Compared to simple LEAPER guide RNAs, the flexible design of CLUSTER guide RNAs represented a considerable engineering challenge for circularization. The order of elements within the CLUSTER guide RNA, such as the SD, the RSs, the ADAR recruitment motif and the target mRNA exit points, can all be placed individually and relative to each other. On the guide RNA side, RSs can be placed 5′ and/or 3′ to the SD, while the ADAR recruitment motif can be flexibly placed anywhere in between. On the mRNA side, binding sites that correspond to the RS within the guide RNA can be located 5′ and/or 3′ of the TS, which corresponds to the SD within the guide RNA. Binding-site placement ultimately defines whether the exit points of the mRNA are close or distant relative to the ligation stem. Furthermore, the number and length of all antisense elements and linkers can be varied, which may individually affect the torsion within the guide RNA circle and, thus, its interaction with the target transcript.

To identify general design rules for circular CLUSTER guide RNAs, we tested various constructs on a luciferase reporter construct (Supplementary Figs. 9 and 10). We found that the mRNA exits should be placed approximately opposite of the SD and that the ADAR recruitment motif can be combined with the ligation stem into a larger RNA structure placed adjacent to the SD. Notably, a 5-nt bulge that separates ADAR recruitment motif and ligation stem achieved particularly high editing efficiency (Supplementary Fig. 10a–c, design L13). This ADAR recruitment motif was called the split-R/G motif and was used in subsequent designs.

After identifying general design principles for circular CLUSTER guide RNAs, we aimed to design an optimal guide RNA for a proof-of-concept in vivo study.

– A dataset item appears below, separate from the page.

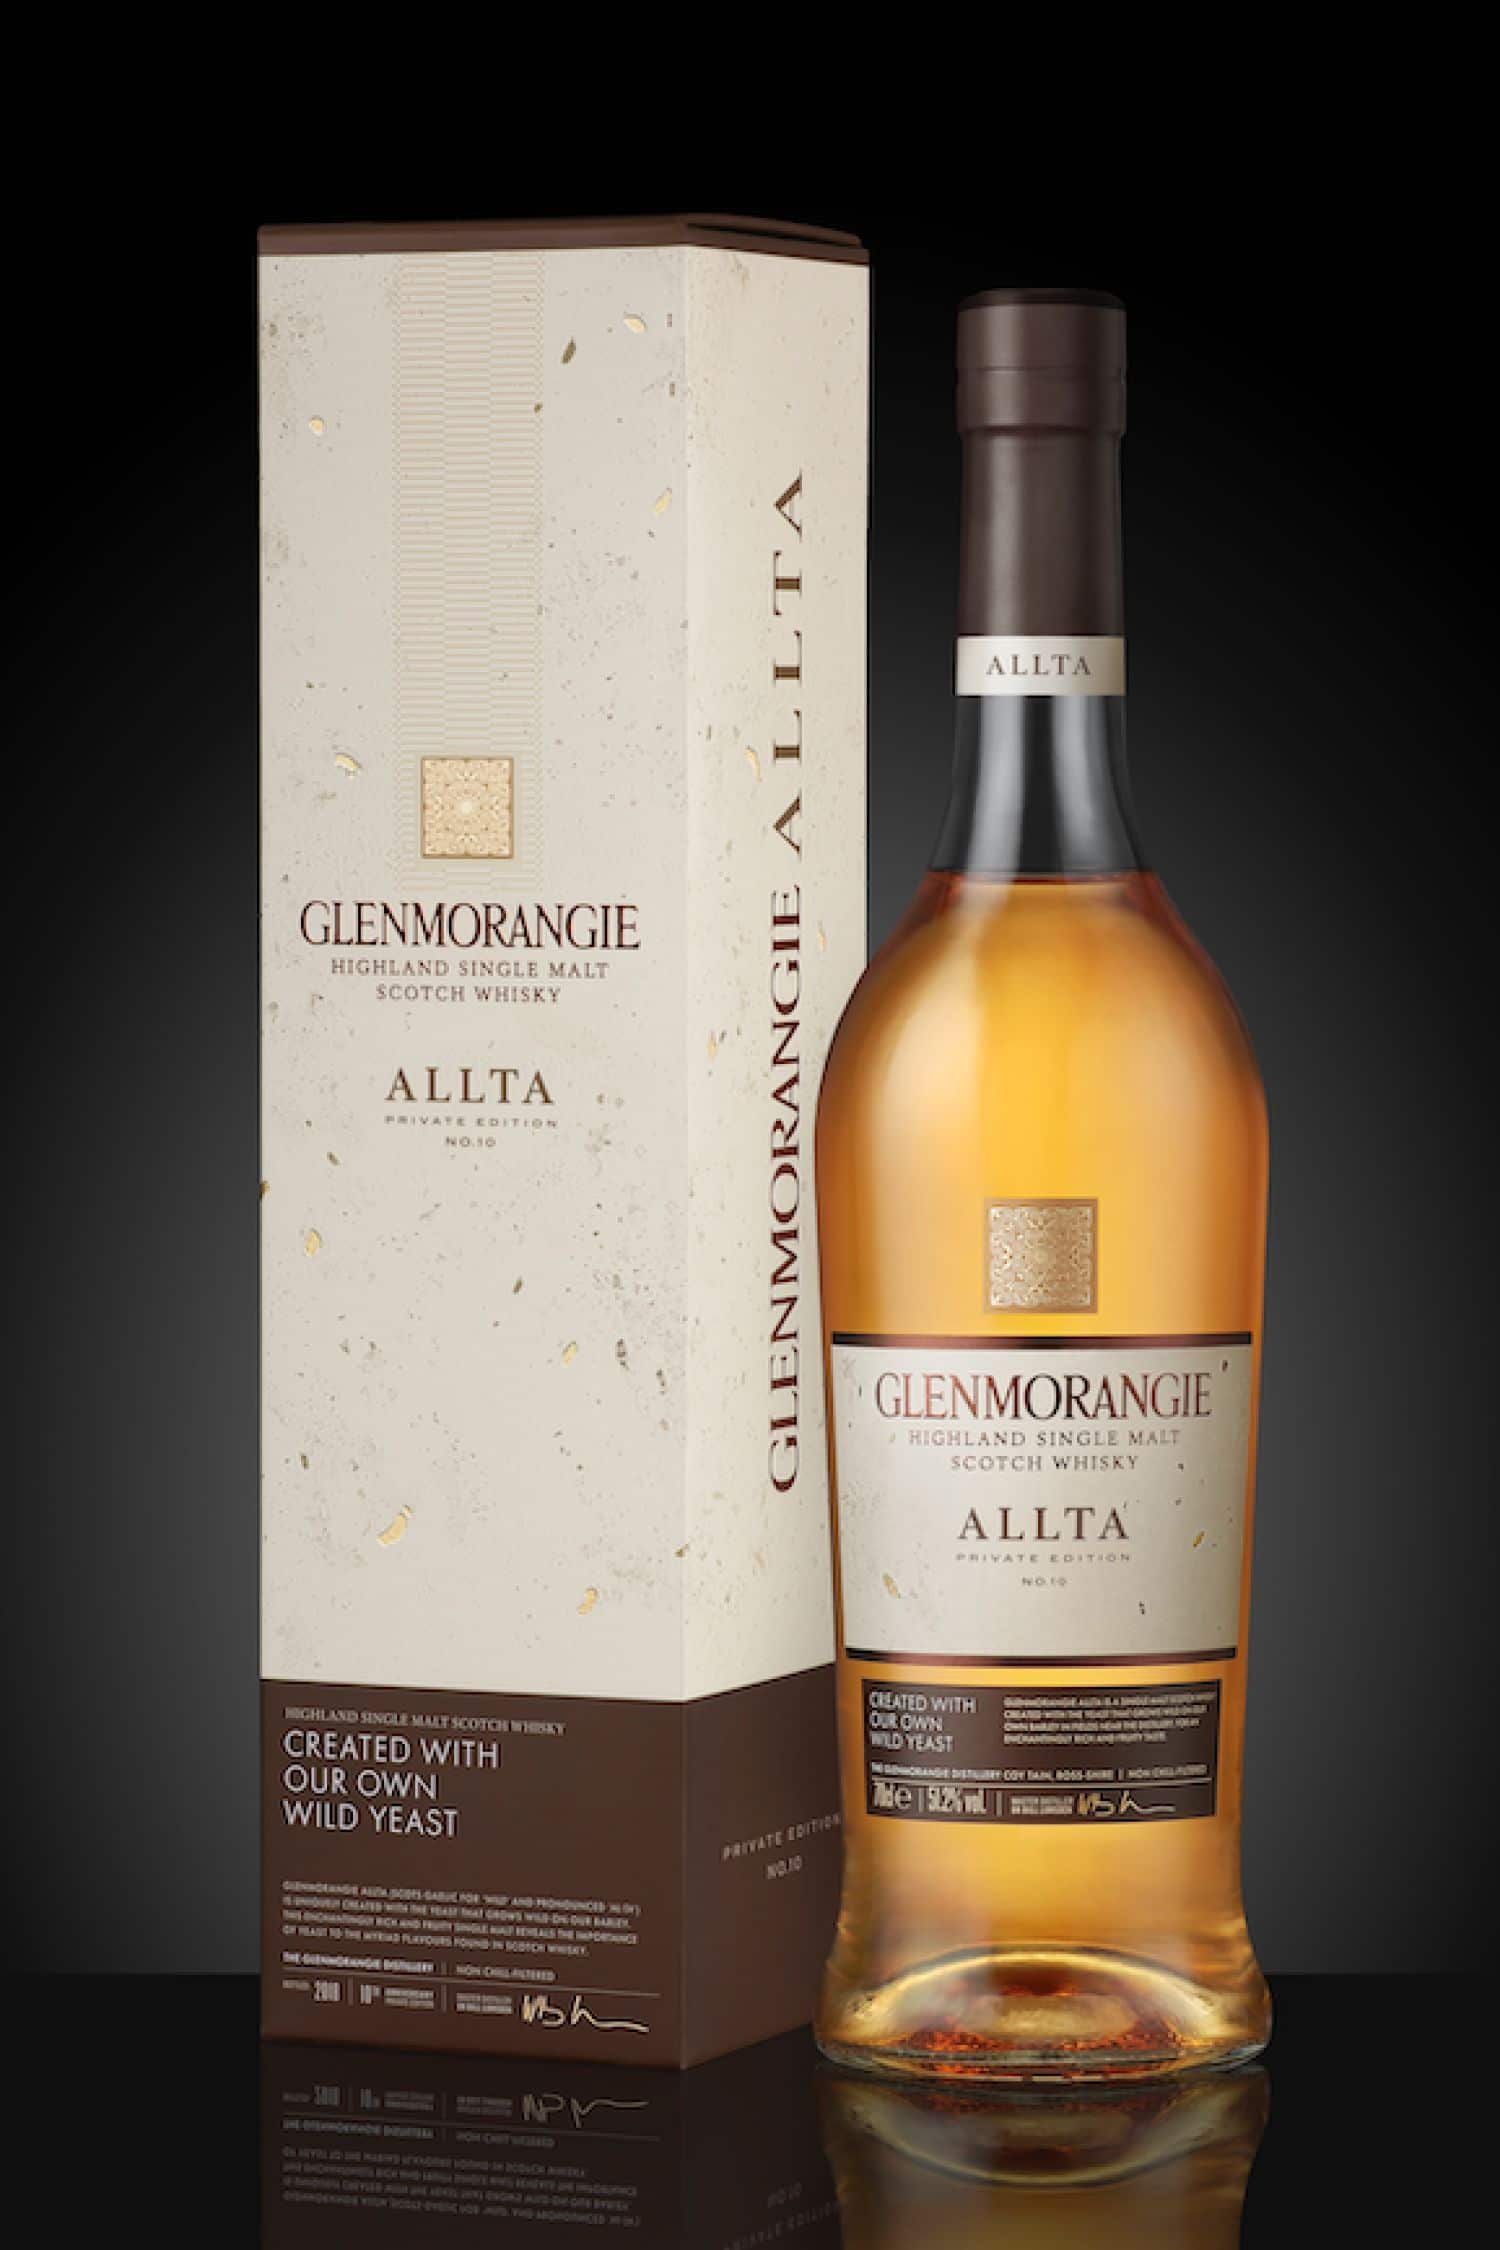 Glenmorangie Allta whisky

Specifically, we aimed to target a premature STOP codon in the murine Mecp2 transcript (W104>amber), which causes severe Rett syndrome-like symptoms in mice carrying this patient mutation44.

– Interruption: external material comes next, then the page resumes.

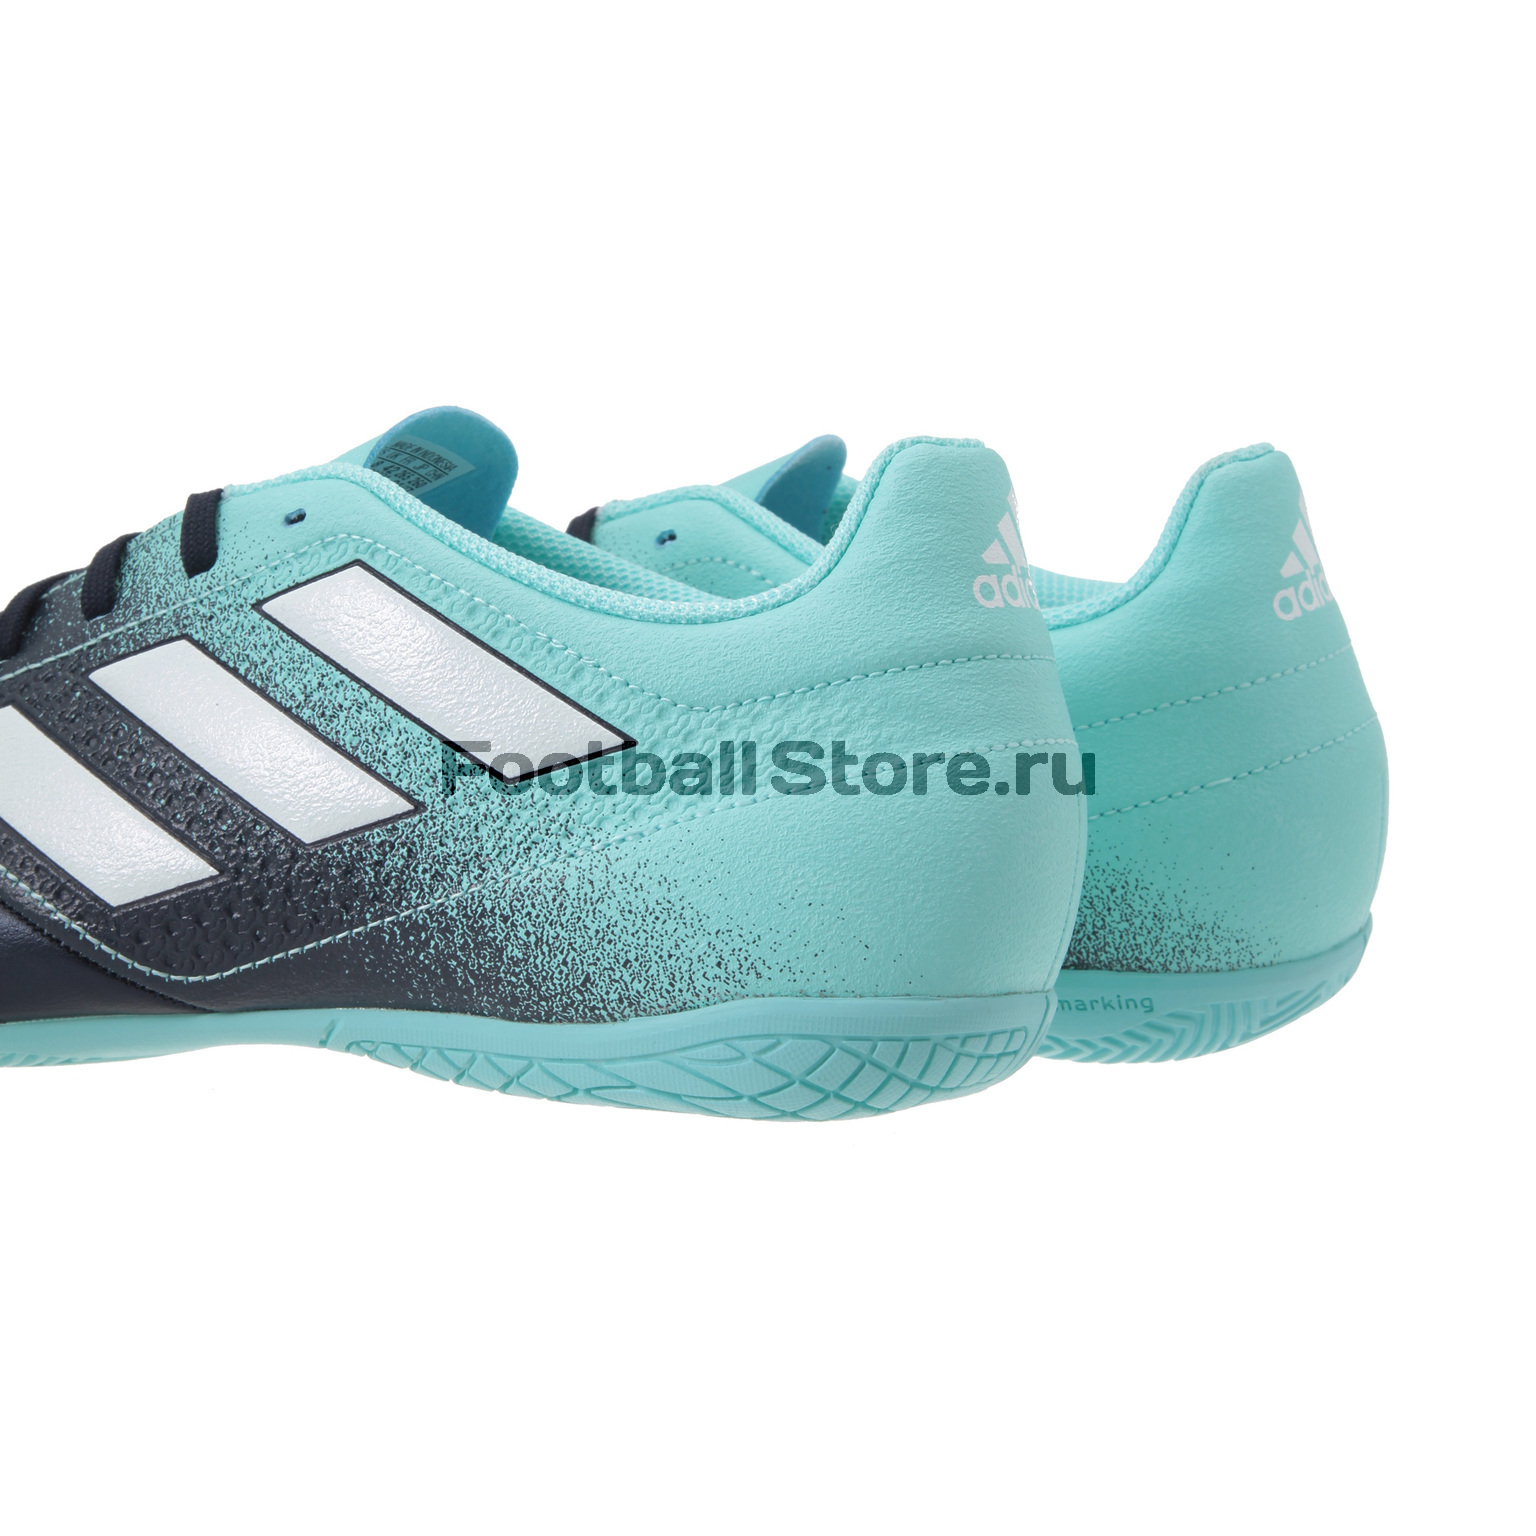 Обувь для зала Adidas Ace 17.4 IN S77102

CLUSTER guide RNAs avoid bystander editing by choosing RSs that minimize the presence of editable A bases in the guide RNA–target RNA duplex. However, in highly A-rich target RNAs, such as Mecp2, individual binding regions for RSs can be separated by long distances within the target transcript (for example, spread over several exons) and the available sequence space for secondary structure optimization can be limited. Both effects can negatively impact the editing efficiency of CLUSTER guide RNAs15. However, by applying the wobble base-pairing strategy to suppress bystander editing, the highly limiting filter set that defined eligible A bases within the RS-binding regions could now be considerably expanded; 5′-UAB, 5′-BAU triplets (B = C, G or U) and 5′-KAAU (K = G or U) sequence motifs are now included, while only 5′-GAB triplets were previously allowed15. Furthermore, 5′-CAC triplets and all A bases located at either end of a binding region (edge A bases), which we identified as being resistant to off-target editing, could be used to expand the sequence space. With the old filter settings (Fig. 4a), a circular CLUSTER guide RNA with four RSs and a split-R/G ADAR recruitment motif needs substantial space on the Mecp2 target RNA—specifically, 1,470 nt for guide RNA V1 and 1,208 nt for guide RNA V2 (Fig. 4c). In contrast, with the new filter settings (Fig. 4b), the entire guide RNA (V3) covers only 127 nt on the murine Mecp2 transcript (Fig. 4c). This guide RNA V3 gave significantly better on-target editing than V1 and V2 (87% versus 63% and 65%), which used the old filter settings (Fig. 4d). Partially, this might also be attributed to the larger available sequence space, which allows selecting guide RNAs with a much lower level of inhibitory secondary structure (Fig. 4e). As expected, the expansion of eligible A bases led to the appearance of bystander editing at binding sites of the RSs, which were albeit well suppressed with the G•U wobble strategy (Fig. 5).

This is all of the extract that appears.